I don't park in my drive so that the missus can't come near my car with hers!


----------



## Pugwash69 (Jun 12, 2012)

Park at Tesco's instead? They let you have a couple of hours for free I believe.


----------



## nilanth (Mar 30, 2007)

Ha ha ha


----------



## Toshiba (Jul 8, 2004)

Your side of the road - isn't the road publicly owned for all to use?
But i can understand your frustration..


----------



## Shug750S (Feb 6, 2012)

Toshiba said:


> Your side of the road - isn't the road publicly owned for all to use?
> But i can understand your frustration..


Chap 4 doors down asked my daughter to move her car last week, as it was 'in his space'

she'd parked at one end (outside of his neighbours) of the grass verge outside his house, still room outside his house for a car, and room for two on his drive.
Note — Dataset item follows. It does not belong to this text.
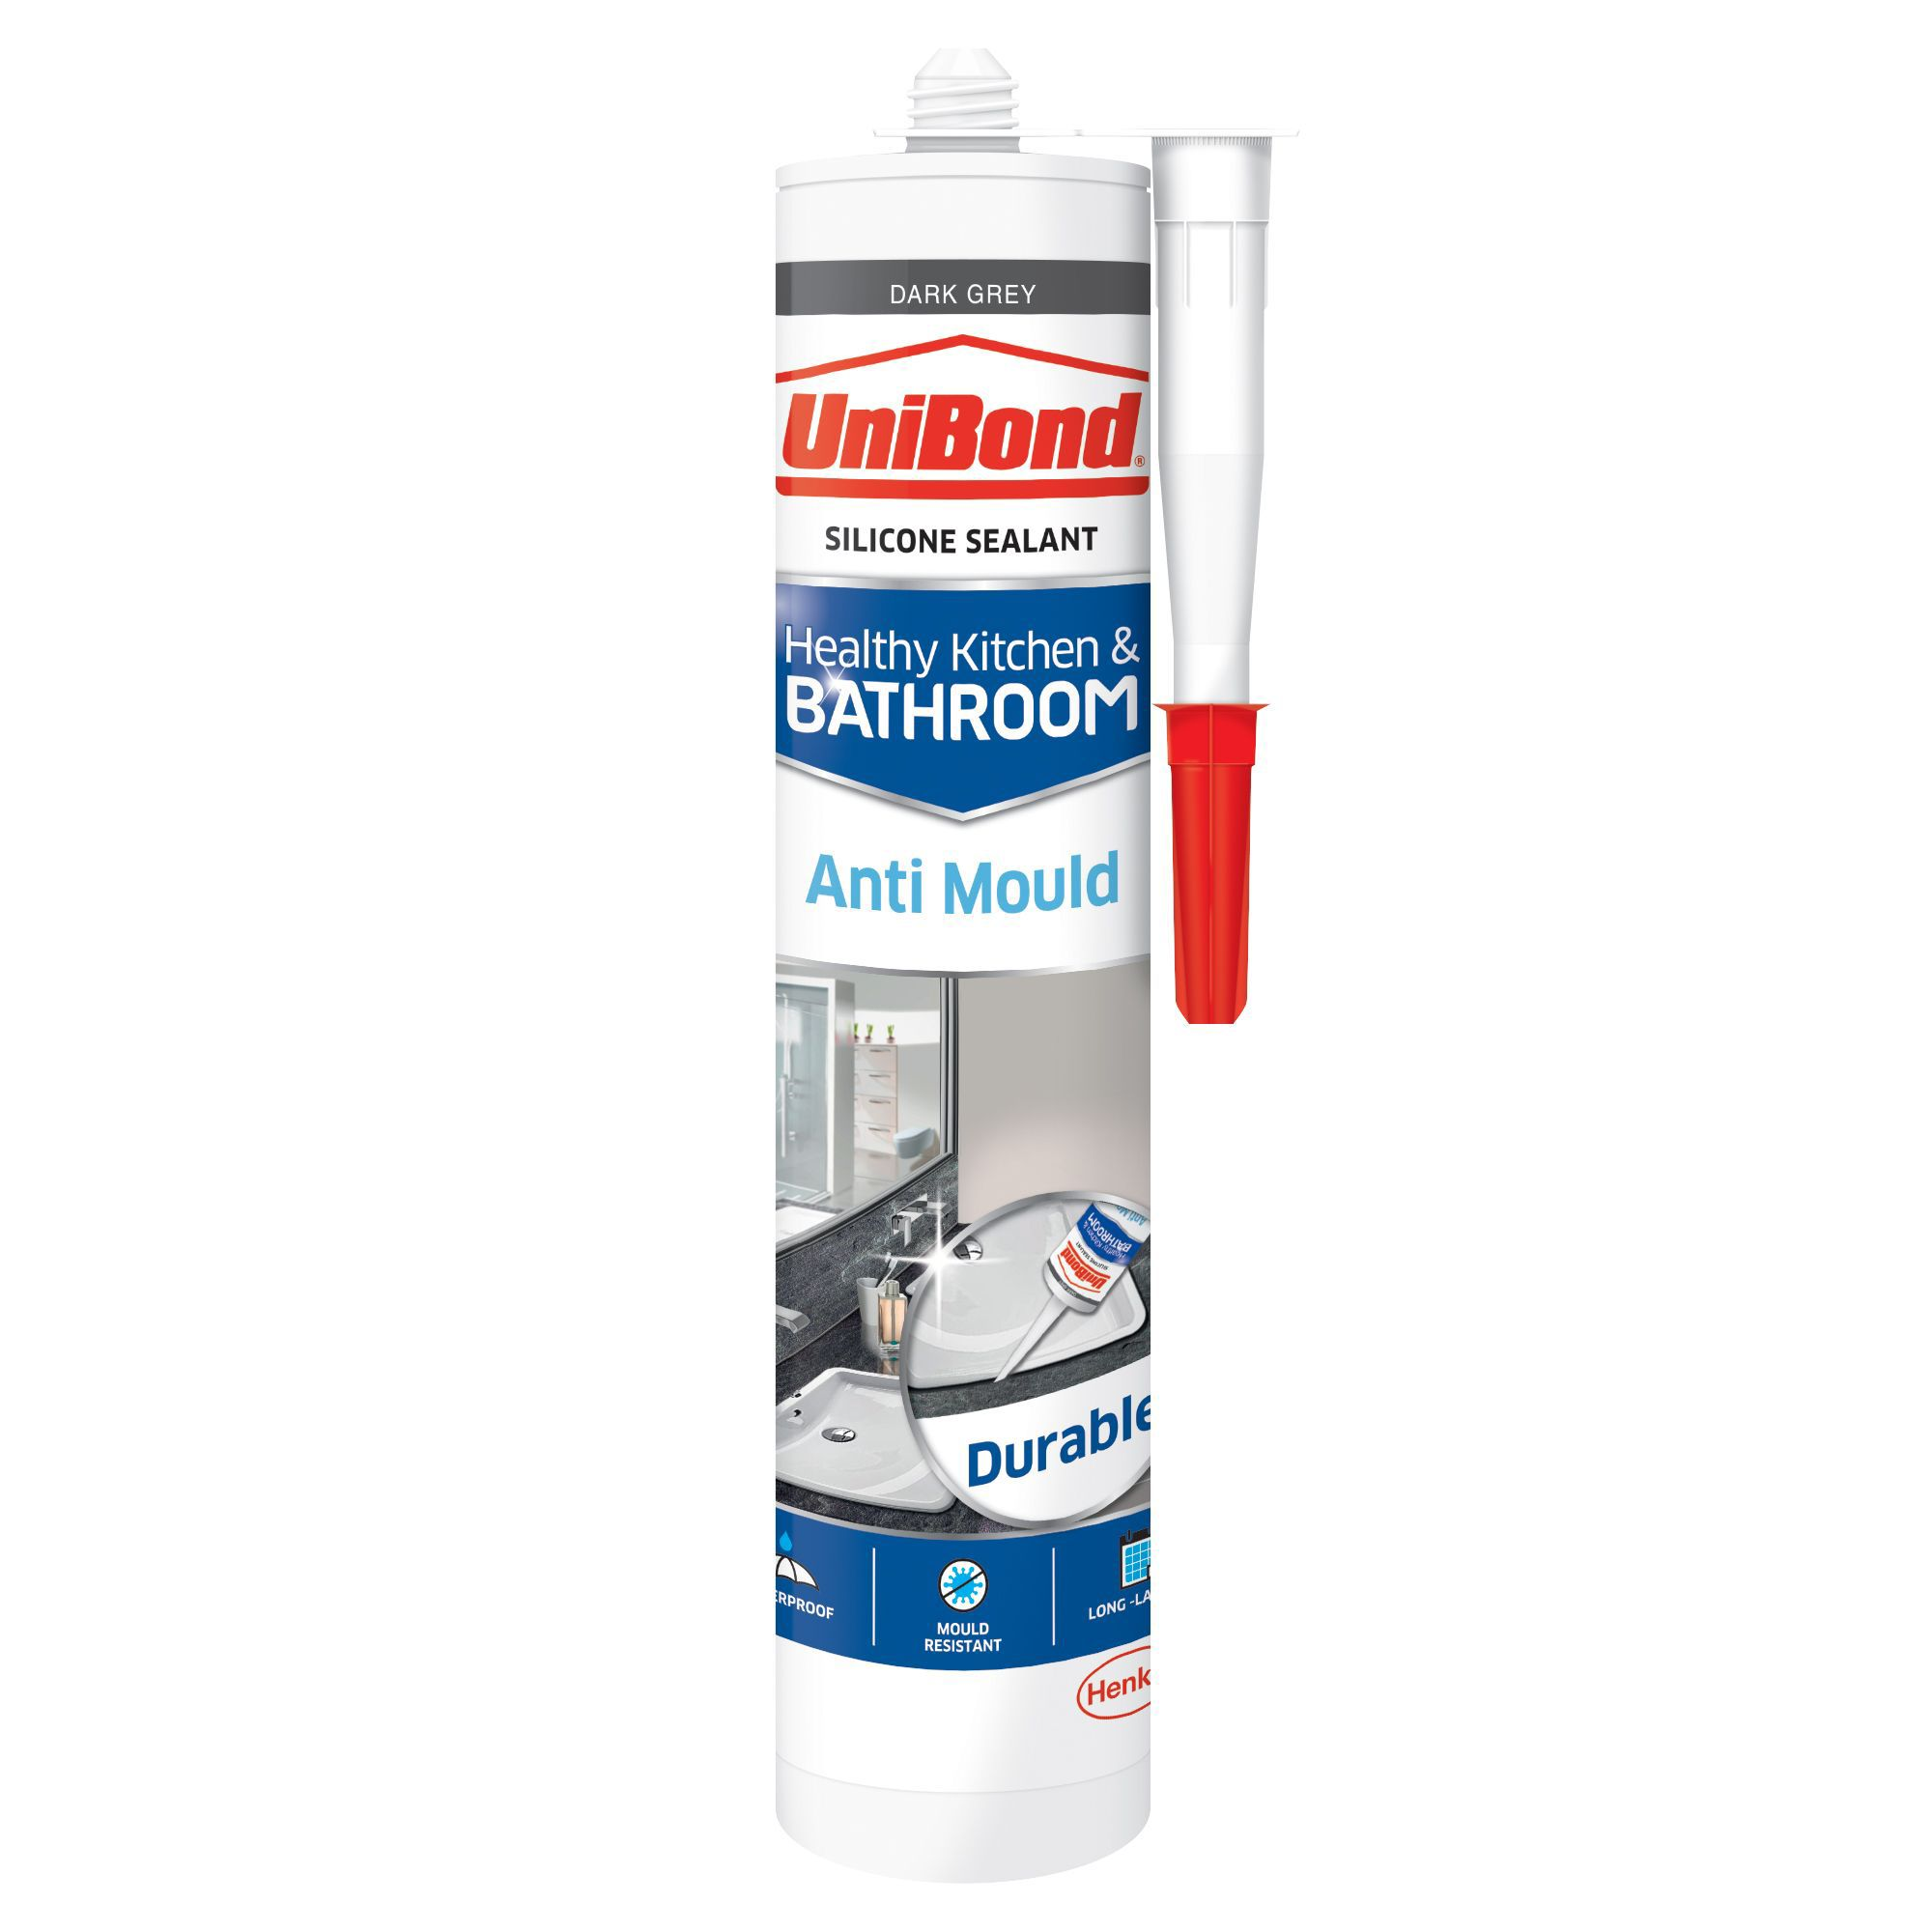 Unibond Anti Mould Dark Grey Kitchen Amp Bathroom Sealant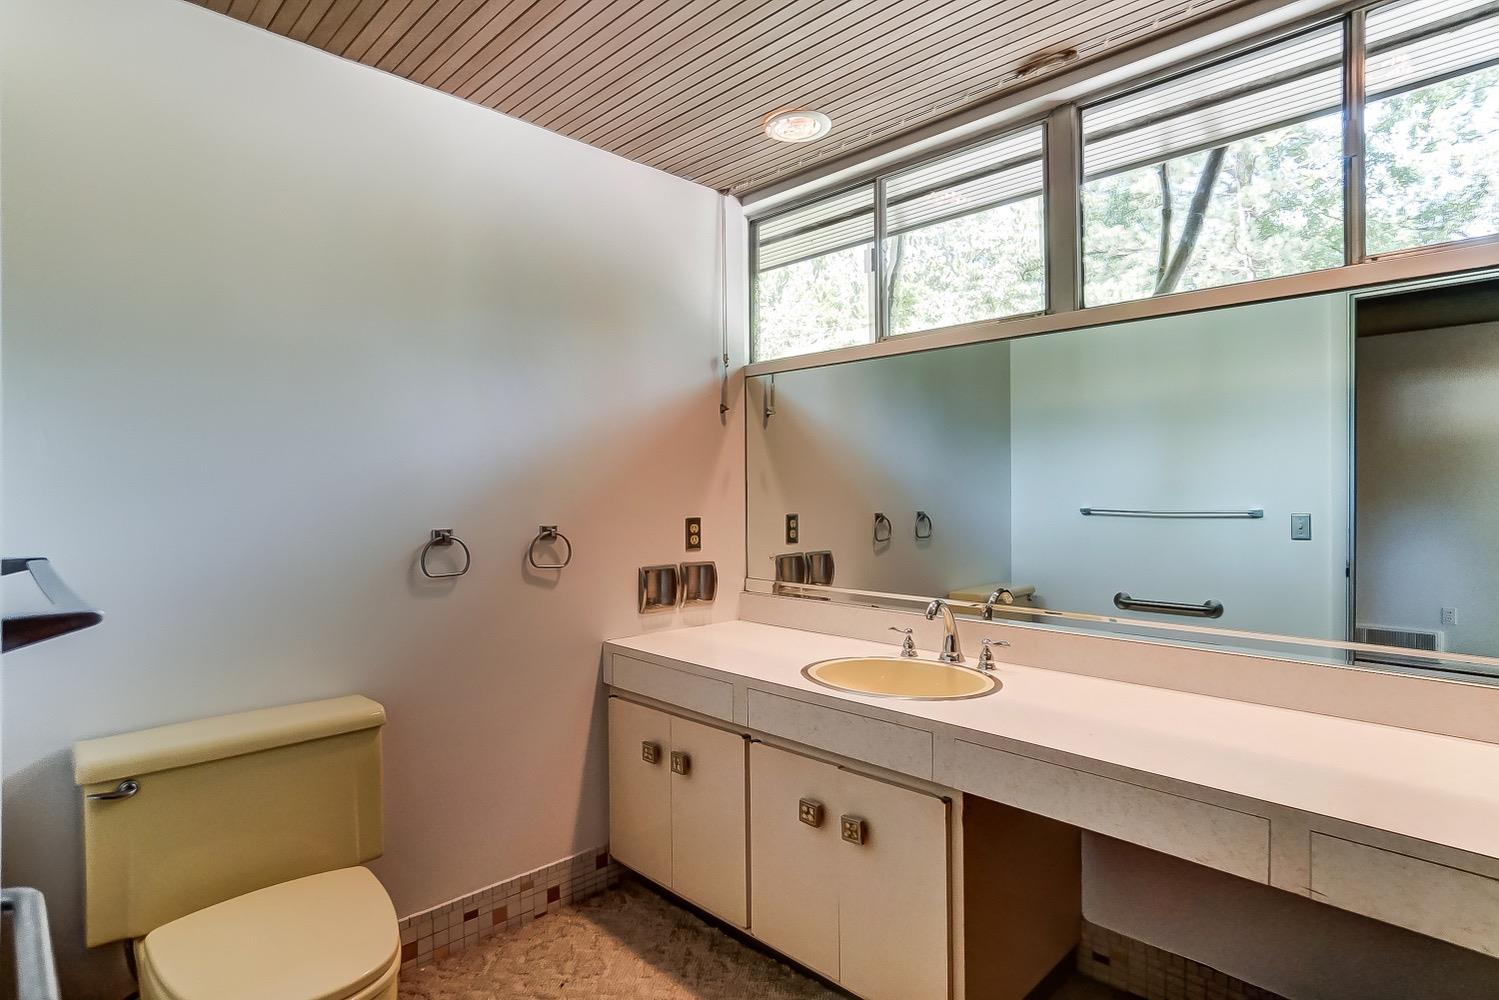 Main level half bath. All original vintage custom vanity, hardware and more of the resin cabinet door knobs.

He only has one car.

To make it worse his kids when visiting always park in the middle of a two car space, and often outside ours, but we don't care, as it's not an issue.

She only parked there as kids football was on in park round the corner and street is always bad for just 2 hours on a Saturday morning, and my & the Mrs cars on our drive.

She basically told him it was insured and taxed and in a public rd, and walked off.

I'm almost tempted to buy a £100 banger, insure it 3rd party and park it up outside his place for 6 months


----------



## Roller Skate (May 18, 2015)

Move North. Affordable housing with lots of usable parking. Unfortunately populated with Northerners. I mean, look what £8,000,000 get's you up 'North.

http://www.dailymail.co.uk/news/art...-Jane-Austen-hero-Mr-Darcy-sale-8million.html


----------



## Pugwash69 (Jun 12, 2012)

My old house in Peterborough has an allocated parking space outside my house. For weeks at a time there was a tatty flatbed truck parked in it. It didn't really bother me at the time as I kept my bike around the back of the house. I noticed on Google Street View the new owner painted the space - must have annoyed them!


----------



## brittan (May 18, 2007)

Problem:


rustyintegrale said:


> I hate this poxy country.


Solution:


rustyintegrale said:


> I so want to emigrate.


QED


----------



## rustyintegrale (Oct 1, 2006)

Oh that's it! The wit!

That's what I'm here for. :lol:


----------